The first thing you notice in the Drakensberg is the scale — not the height, which surprises you, but the age. These basalt walls, stained ochre and rust by centuries of rain, have been here for two hundred million years. The San people painted their visions onto these rock faces for thousands of years before any traveler arrived with a camera or a guidebook. Standing in front of the art at Giant’s Castle — a running eland, a shaman mid-trance, figures faded but still insisting on their presence — I felt less like a tourist and more like an interruption. A temporary one.

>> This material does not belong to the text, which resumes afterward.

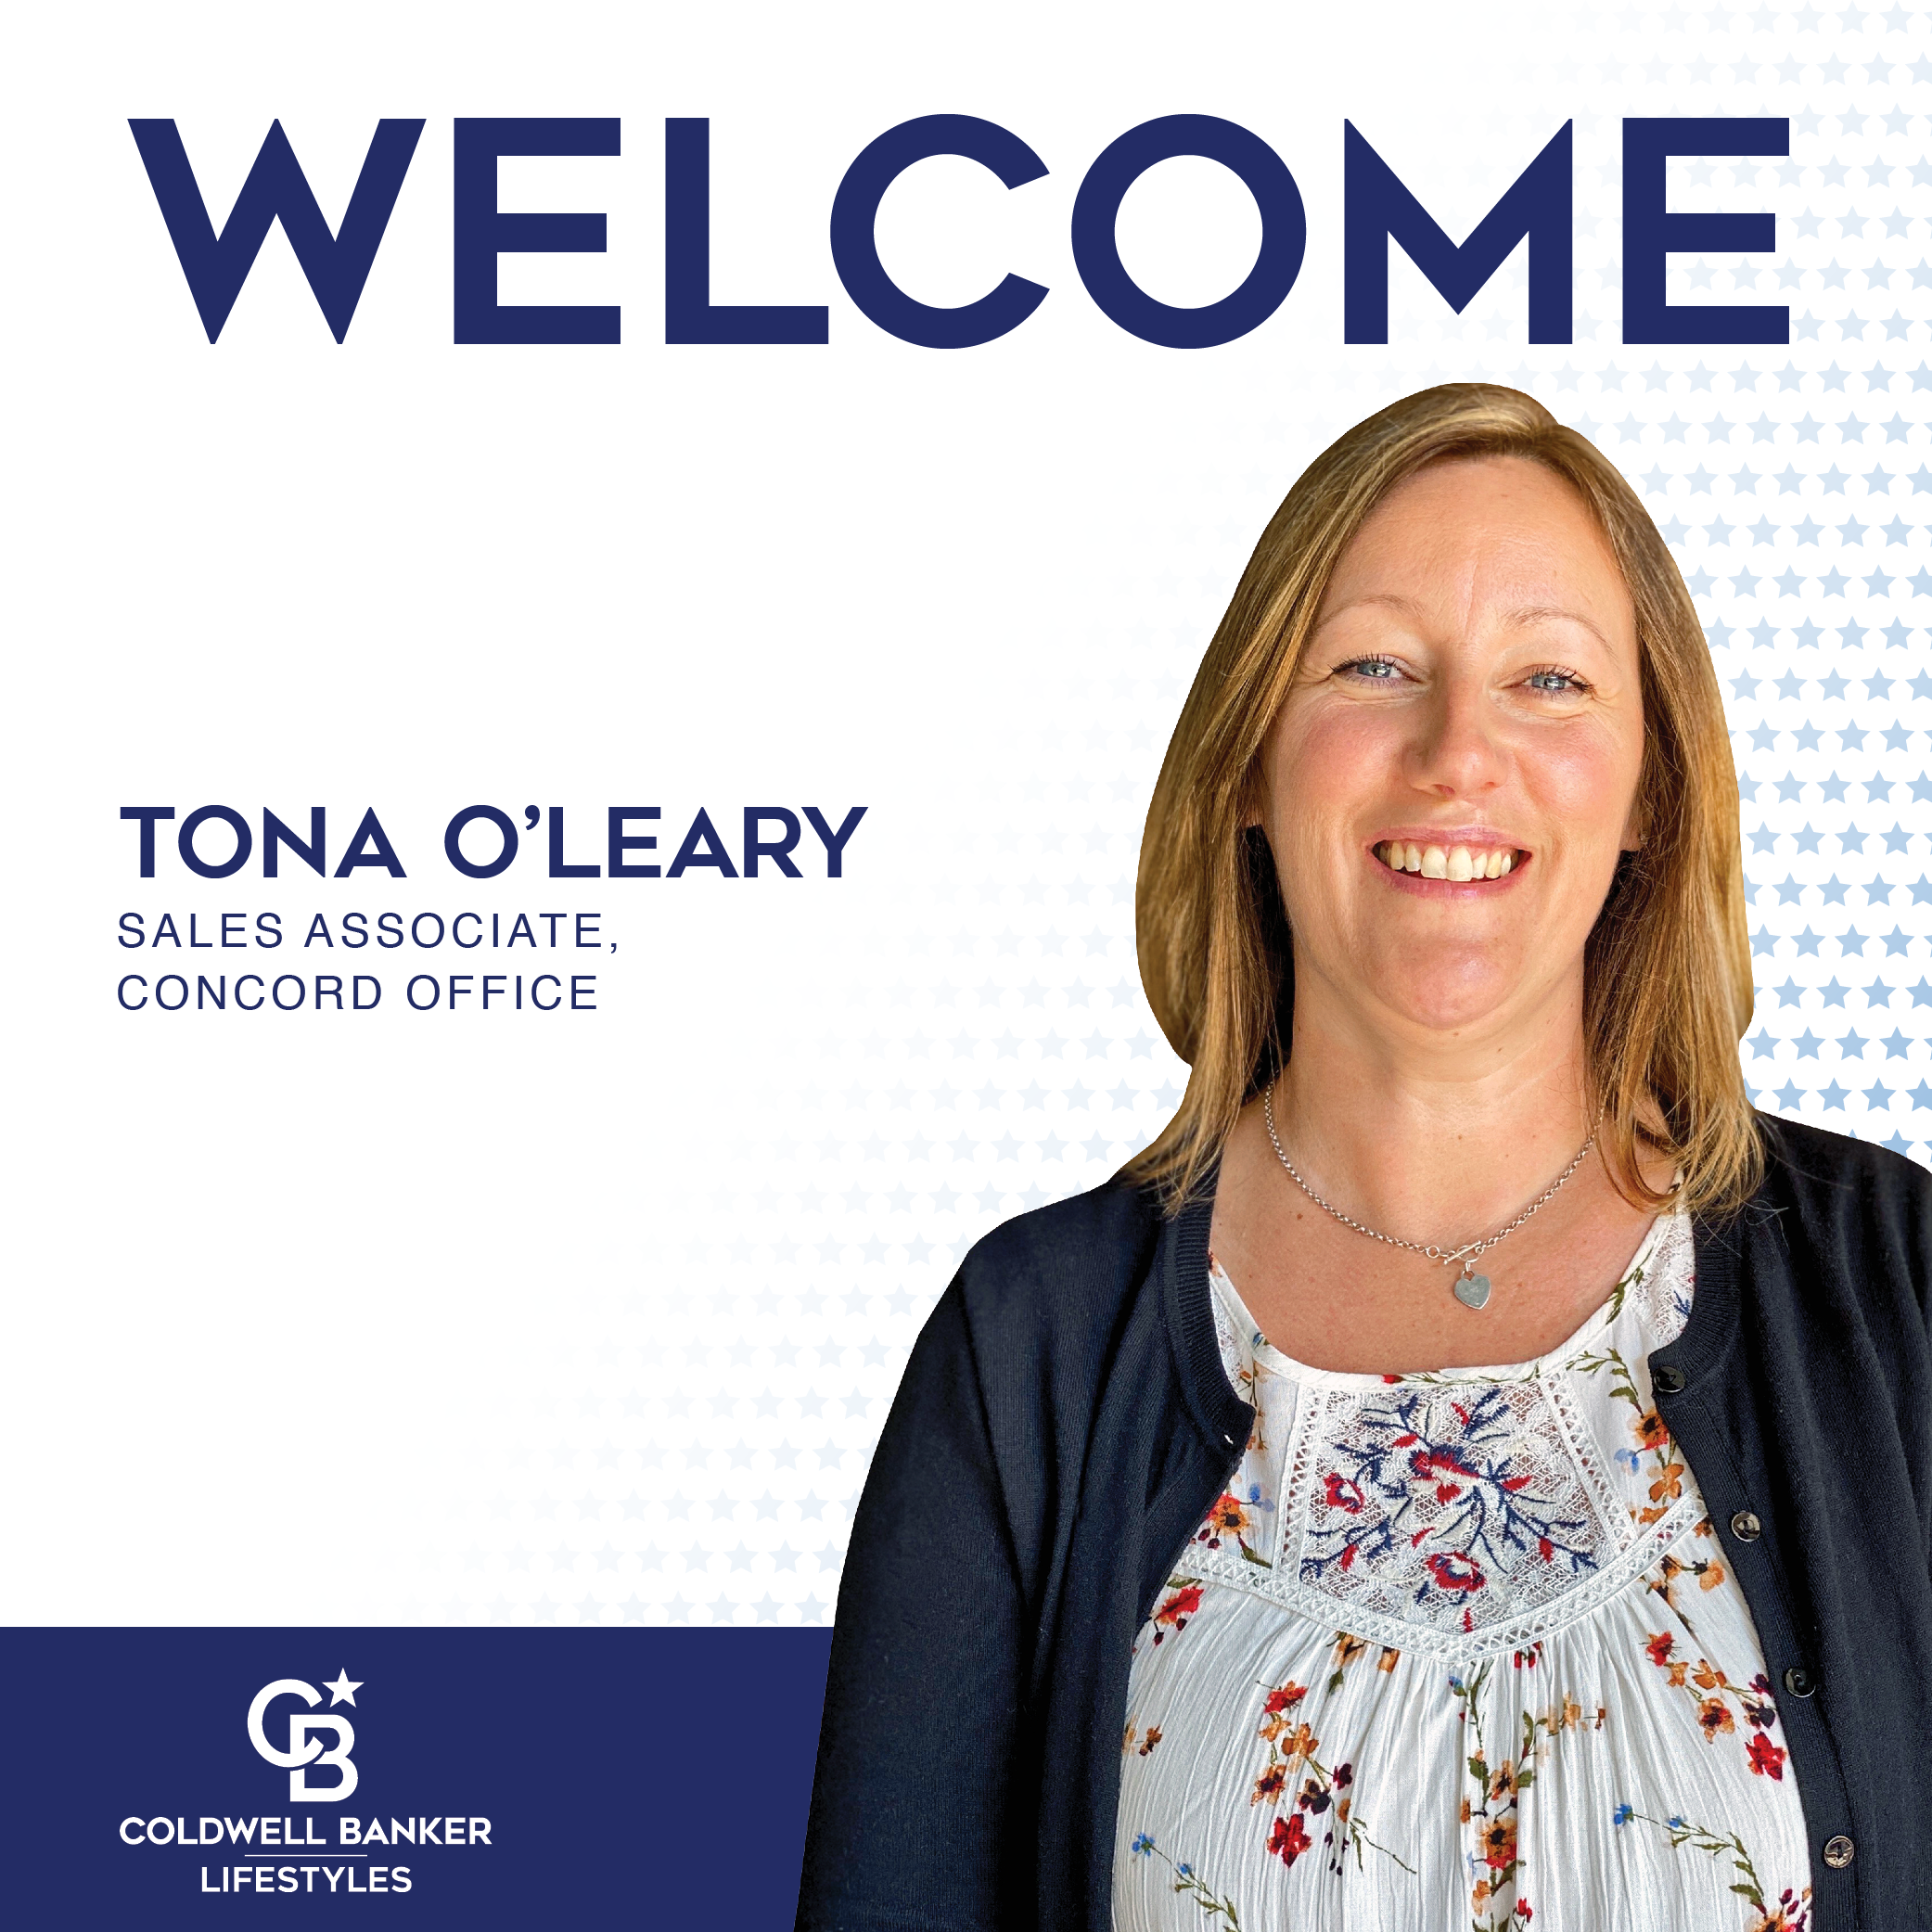 Tona O'Leary, Sales Associate, Concord Office

The hiking in the central Drakensberg is genuinely demanding in the best way. The Amphitheatre, a five-kilometer wall of cliffs rising twelve hundred meters from the Little Berg plateau, requires a full-day approach and rewards you with the Tugela Falls dropping through five stages to the valley floor — one of the tallest waterfalls on earth, which you hear long before you see. Up on the Lesotho border plateau, the landscape turns alien: high moorland, yellow grass bent flat by wind, the occasional lammergeier riding thermals overhead. No crowds. No mobile signal. Just the particular silence of very high, very remote places.

The lower foothills have their own rhythm entirely. At Didima Camp in Cathedral Peak, I woke up before dawn and sat on the cabin stoep with rooibos tea watching the mountains go pink above the mist. The resort serves braai for dinner — grilled boerewors, pap, chakalaka — and the camp staff know the trails better than any app. Locals from the nearby Zulu communities run cultural tours that cover both the rock art and the living traditions these mountains have supported for centuries.

When to go: April to September for clear skies and manageable temperatures on the high trails. Summer (November to February) brings afternoon thunderstorms that can move in fast — not ideal for exposed ridge hikes, though the wildflowers are exceptional and the landscape turns intensely green. Winter nights at altitude drop below freezing, so pack accordingly.

What most guides get wrong: They frame the Drakensberg as a hiking destination with some rock art on the side. It is the opposite. The San art — over thirty-five thousand documented images across hundreds of sites — is one of the world’s great concentrations of prehistoric painting, and most visitors walk past it in twenty minutes on the way to a trailhead. Slow down. Hire a guide from the local community who can explain what you are actually looking at. The mountains will still be there when you get back.